The industry is also moving away from the belief that companies should build core models. The number of inference workloads outnumbers training, but many organizations continue to purchase training hardware as if that is their role. Only a handful of companies should form large model foundations. Most companies don’t need to create models: they need to optimize them, and open source offers many powerful options, as well as commercial models that you can run on your own infrastructure.
Many assumptions still trip people up. Buyers assume that lifecycle management, RBAC, high availability, secure pipelines, and version control automatically come with the appliance. They assume they can patch and update systems like they always have. They assume that pipelines are secure and that role-based access controls are applicable. They assume high availability is built in. They assume that the main metric is the number of tokens the system can generate. None of this reflects what is actually required in production.
Production AI needs observability, log management, workload scheduling, firewalls, encryption, maintenance workflows, and intelligent GPU placement. Scheduling behavior is important: some schedulers behave randomly and leave you with fragmented GPUs. Firewalls are important. Encryption is important. These are everyday business problems. AI is no exception. You cannot base architectural decisions solely on quantity (i.e. token generation) without giving equal consideration to quality (e.g. availability, security, and compliance). The two go hand in hand.
Private AI Response
There are three questions that help prevent buyer’s remorse:
- Can I use this solution with the tools of my choice? Otherwise, I’ll need different people.

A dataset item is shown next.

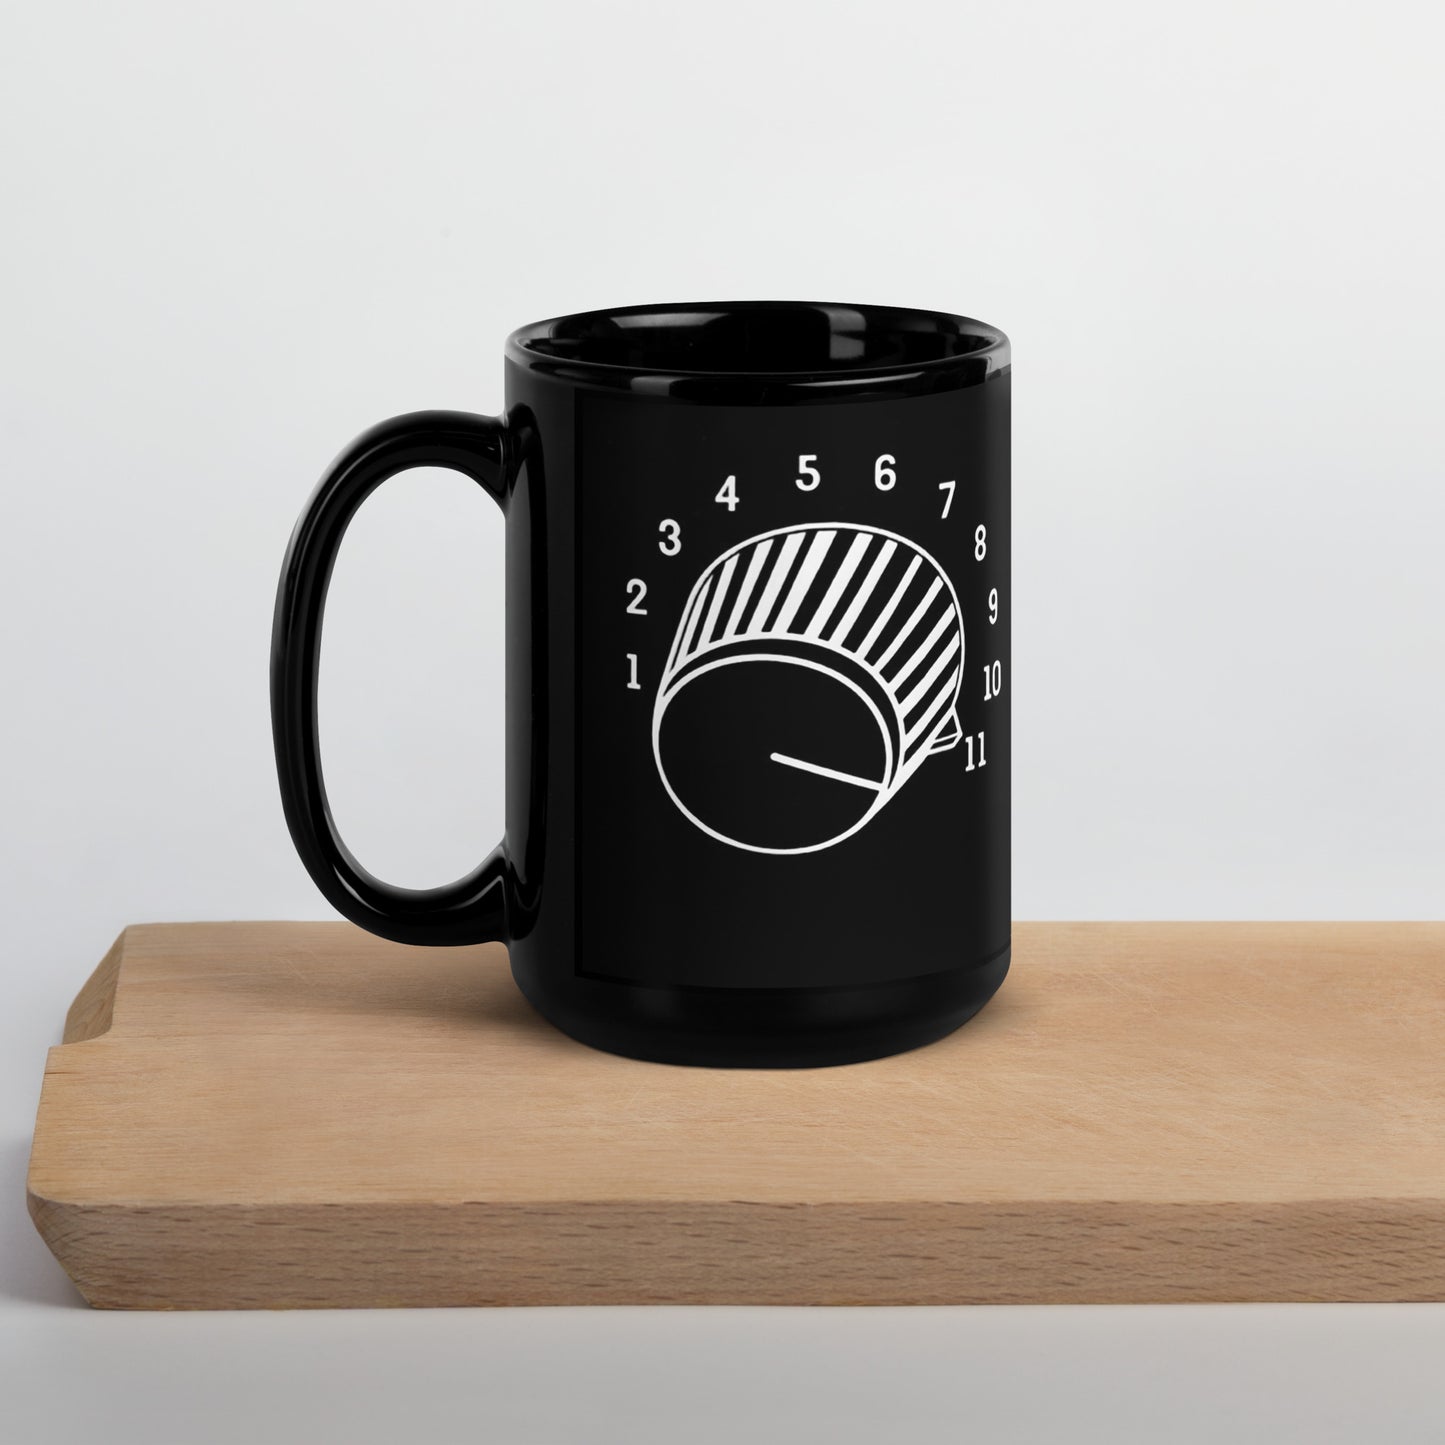 "This Goes To 11" Coffee Mug - Black

- Can I run other AI models and software on this? Otherwise, you may find yourself on the path to many disparate “AI islands” that you will have to operate independently at a higher cost.
- What is the real total cost once tools, usage and power are taken into account?

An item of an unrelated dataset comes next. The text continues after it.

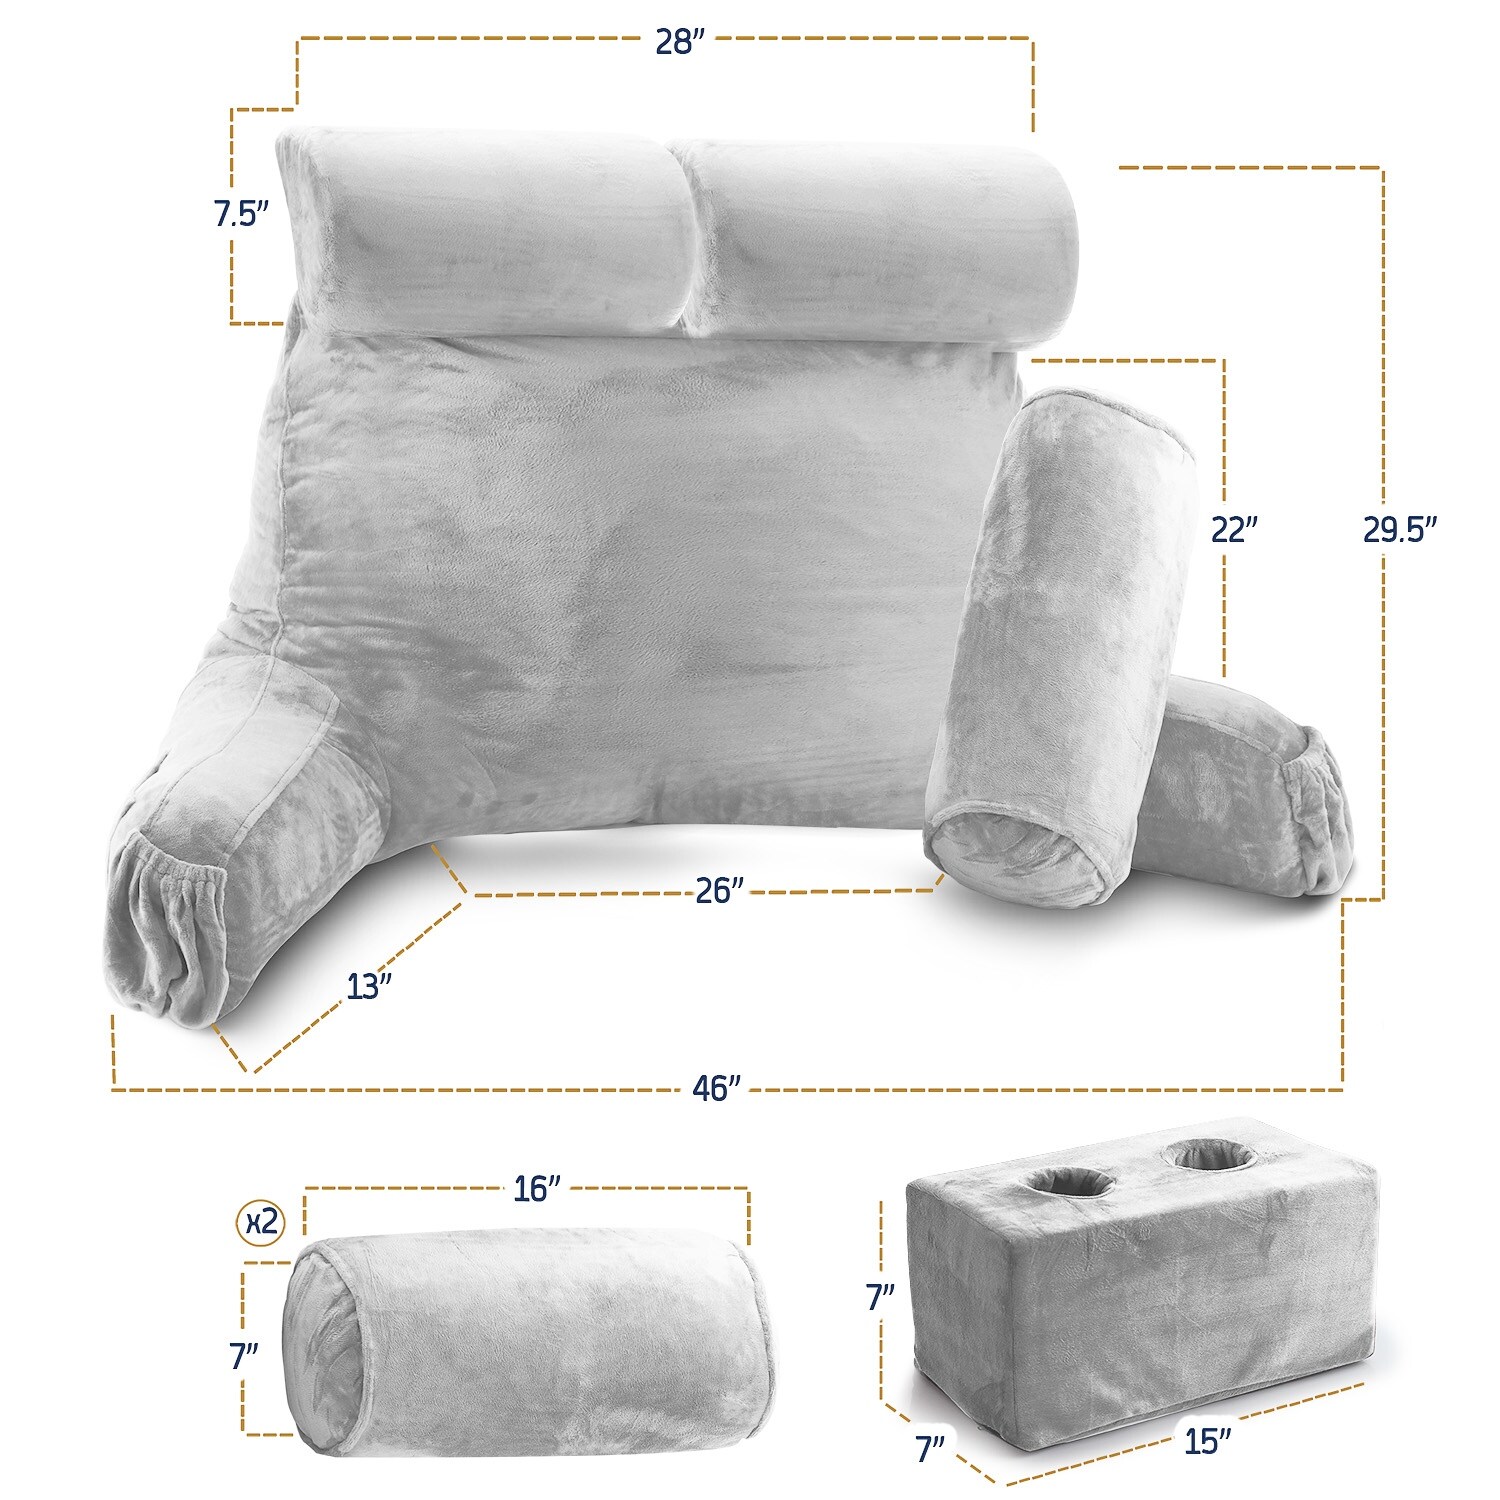 Nestl Shredded Memory Foam Reading Backrest Pillow, Petite - Black

This brings us to the solution. VCF on compatible systems like HGX can virtualize capacity, unblock blocked resources, and restore the enterprise-grade controls customers expect in the first place.
Broadcom anticipated this change years ago. We believed that AI models would move to where the data resides and that inference, not training, would become the dominant use case in business. The features we built at the time may have seemed boring, but the strategy was right. Private AI is no longer just a Broadcom term; the industry adopted it. Indeed, without automation, resilience, privacy and compliance, AI is not production AI. This is a research project. Together we can do better than this.